– Может, это прусский шпион, – предположил один из офицеров, находившихся в прекрасном настроении.
– Говорит, что он схоластик из Любляны, – сказал караульный. – Говорит, что ищет какую-то госпожу из Крайны, что оба они паломники.
– Так кто же ты? – спросил Виндиш, – Схоластик, паломник или шпион? Не хочешь отвечать? Тогда я скажу, кто ты.
Он обернулся к офицерам и сказал:
– Ты – баран, валух.
Офицеры и солдаты засмеялись.
– Этого барана я уже однажды чуть не сбросил в реку.
Он подошел к Симону и посмотрел ему в глаза.
– Помнишь, валух?
– Впустите меня в монастырь, чтоб я мог взять свои вещи, и мы с Катариной уйдем отсюда.
– Ах, с Катариной? – Виндиш хрипло рассмеялся, – С Катариной, дочерью Полянеца?
Он обернулся к офицерам и пояснил:
– Катарина – это та красивая дама, что сидит за ужином рядом со мной на почетном месте.
– Ей тут хорошо, – сказал один из офицеров.
– Не правда ли? – усмехнулся Виндиш. – У нее есть все, что пожелает.
Он опять повернулся к Симону.
– Она с тобой не пойдет, – сказал он, – мы направляемся в сторону Кельна, и она пойдет с нами. Это более надежно. И удобно.

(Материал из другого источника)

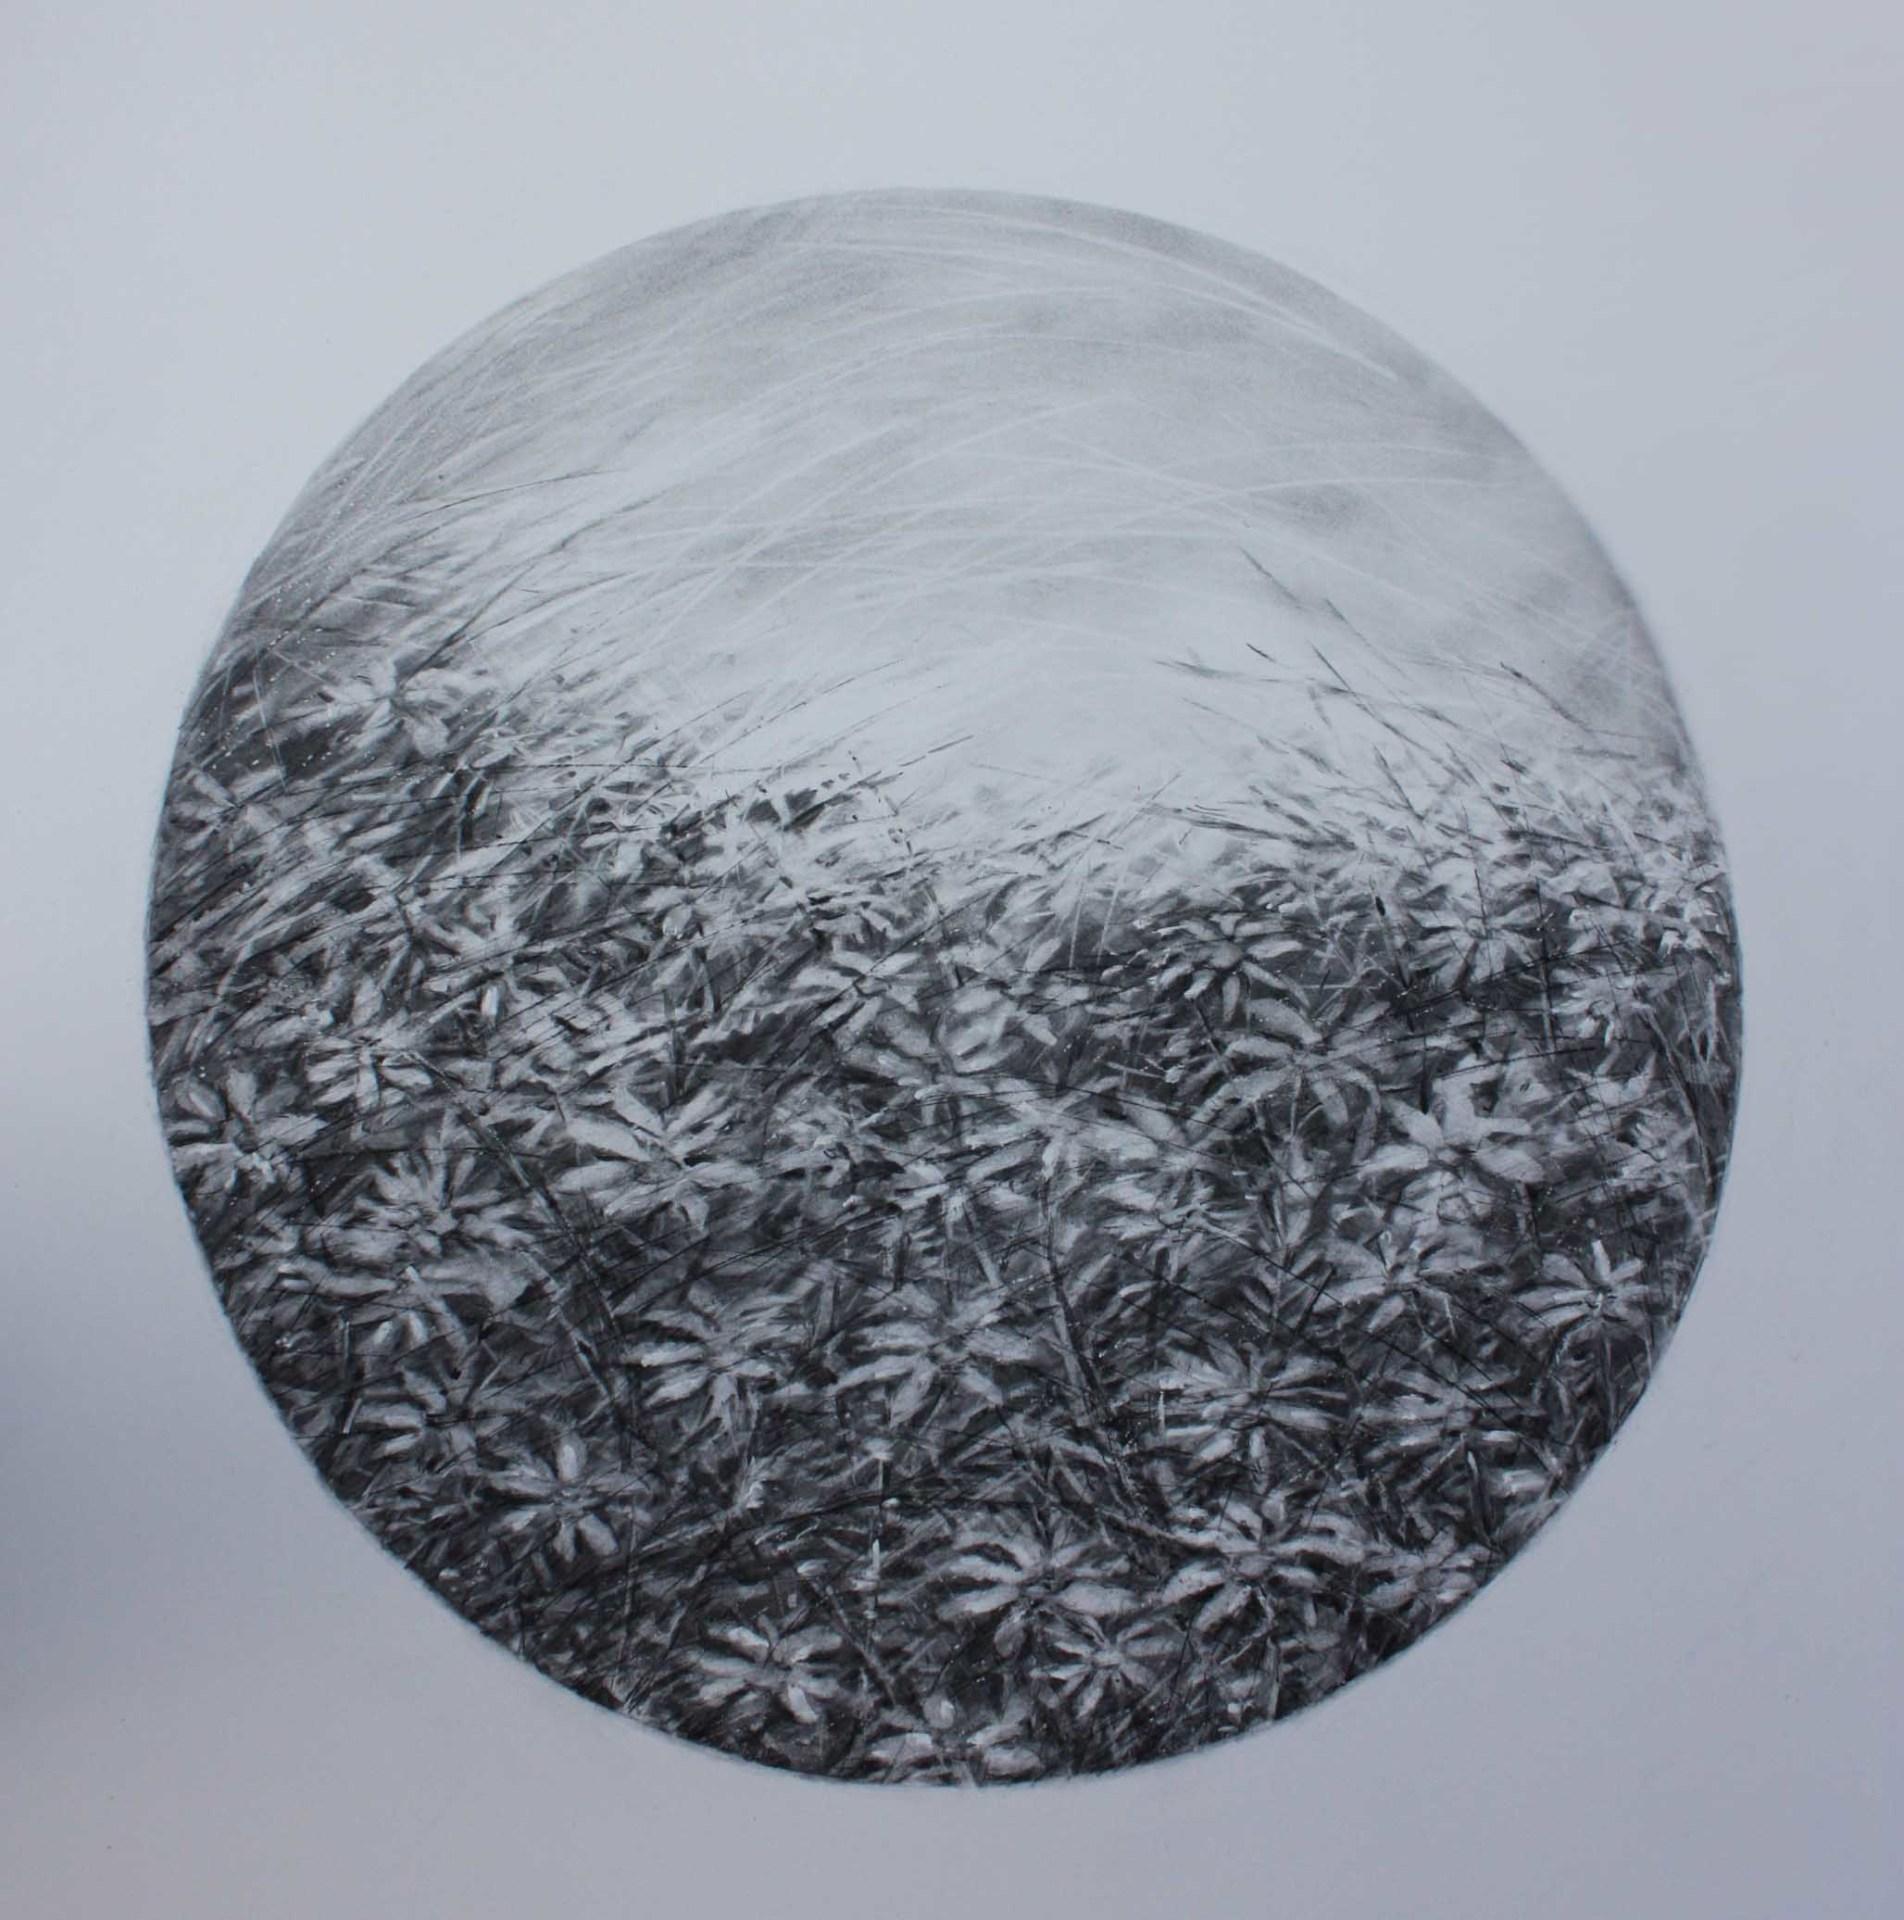 Daisies in circle

Офицеры переглянулись и закивали с серьезным видом.
– Разрешите мне поговорить с пей, – сказал Симон.
– Она не желает с тобой разговаривать, – ответил Виндиш.
– Я буду жаловаться в Любляне и напишу в Вену в генеральный военный комиссариат, – сказал Симон, – я буду жаловаться.
Офицеры переглянулись: будет жаловаться. Но на что?
Виндиш снял шляпу и, кланяясь, сделал перьями виртуозное движение.
– Милостивая высокородная императрица, Ваше величество, баран кланяется вам и обращается с жалобой.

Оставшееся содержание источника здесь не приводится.